Ooooh! That might not be a good solution to handle missing values. It removes all the rows, this is because every row in the data set contains at least one empty cell.  What if we remove the columns if at least one cell is missing.  This can be done using `data.dropna(axis=1)` command.  

In [None]:
columns_with_na_dropped = sf_permits.dropna(axis=1)
columns_with_na_dropped.head()

We lost some of the data, but doing this we do not have any missing values in the data set.  We can check how many columns we lost in this process.

In [None]:
# See how much data we lost?
print("columns in original dataset: %d \n" % sf_permits.shape[1])
print("columns with NA's dropped: %d" % columns_with_na_dropped.shape[1])

12 columns have had at least one empty cell and the corresponsing columns have been removed. 

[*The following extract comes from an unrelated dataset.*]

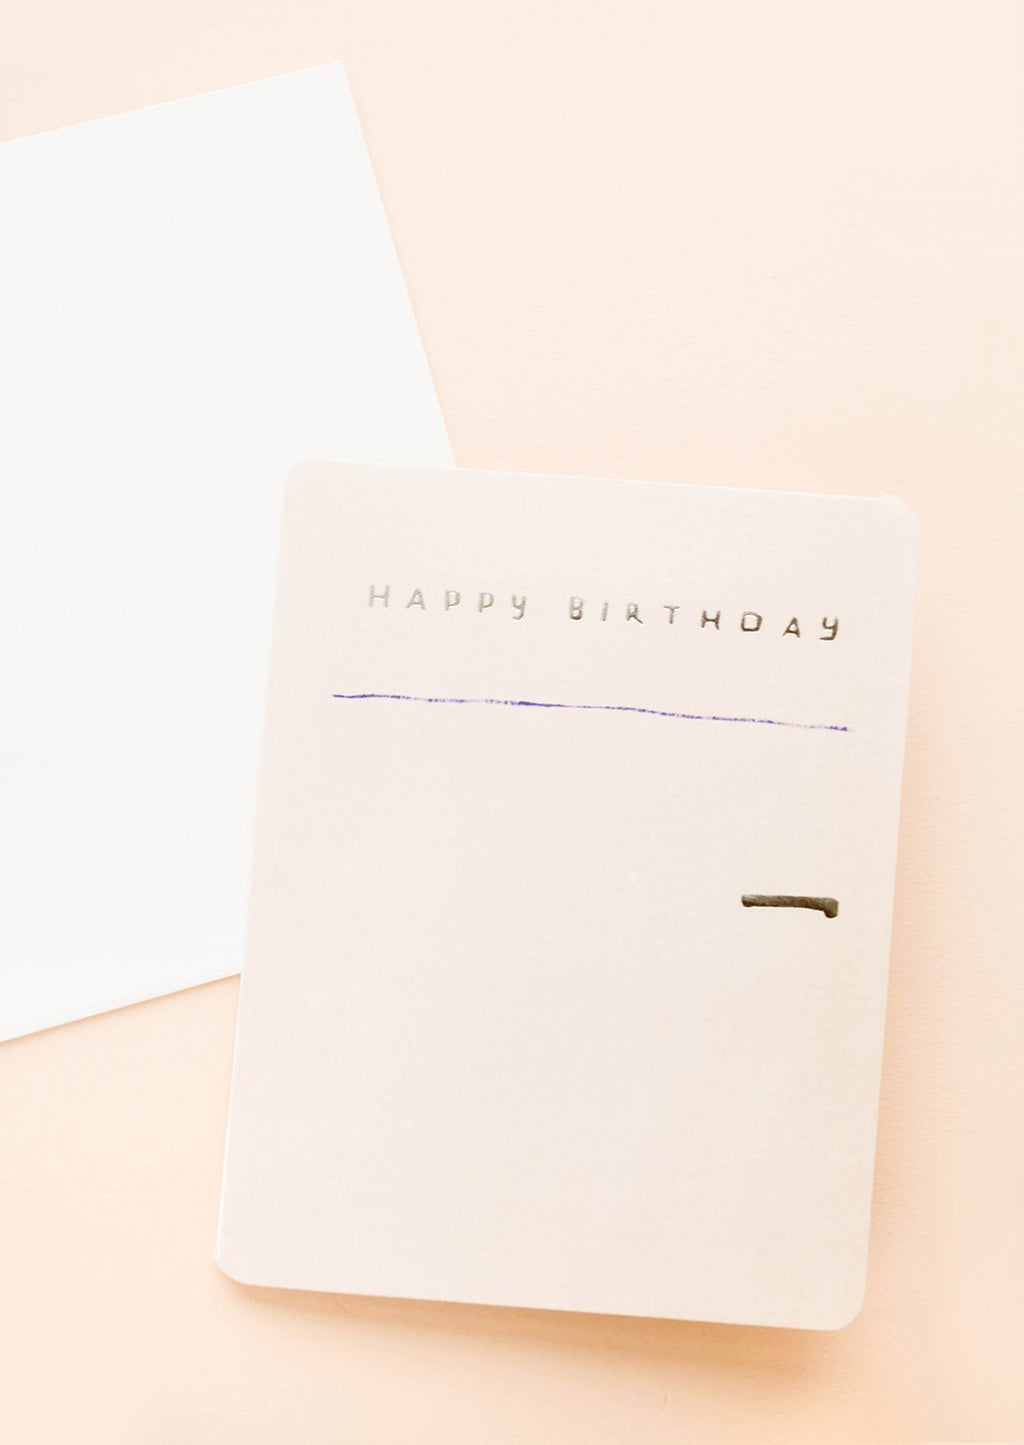 1: Greeting card illustrated to look like the front of a refrigerator, with text "Happy Birthday"

## Filling in missing values automatically
_____

Another option is to try and fill in the missing values. let's consider few columns from the data set to explore how to replace missing values. In order to select columns from `A` to `B` , you can use `data.loc[:, 'A':'B']`

In [None]:
# get a small subset of the NFL dataset
subset_sf_permits = sf_permits.loc[:, 'Permit Number' : 'Zipcode'].head()
subset_sf_permits.head()

Now let's replace all the missing values in the subset with a specific value `0`. This can be done using `subdata_fillna(0)` command available in `Pandas` library.

In [None]:
# replace all NA's in the subset with 0
subset_sf_permits.fillna(0)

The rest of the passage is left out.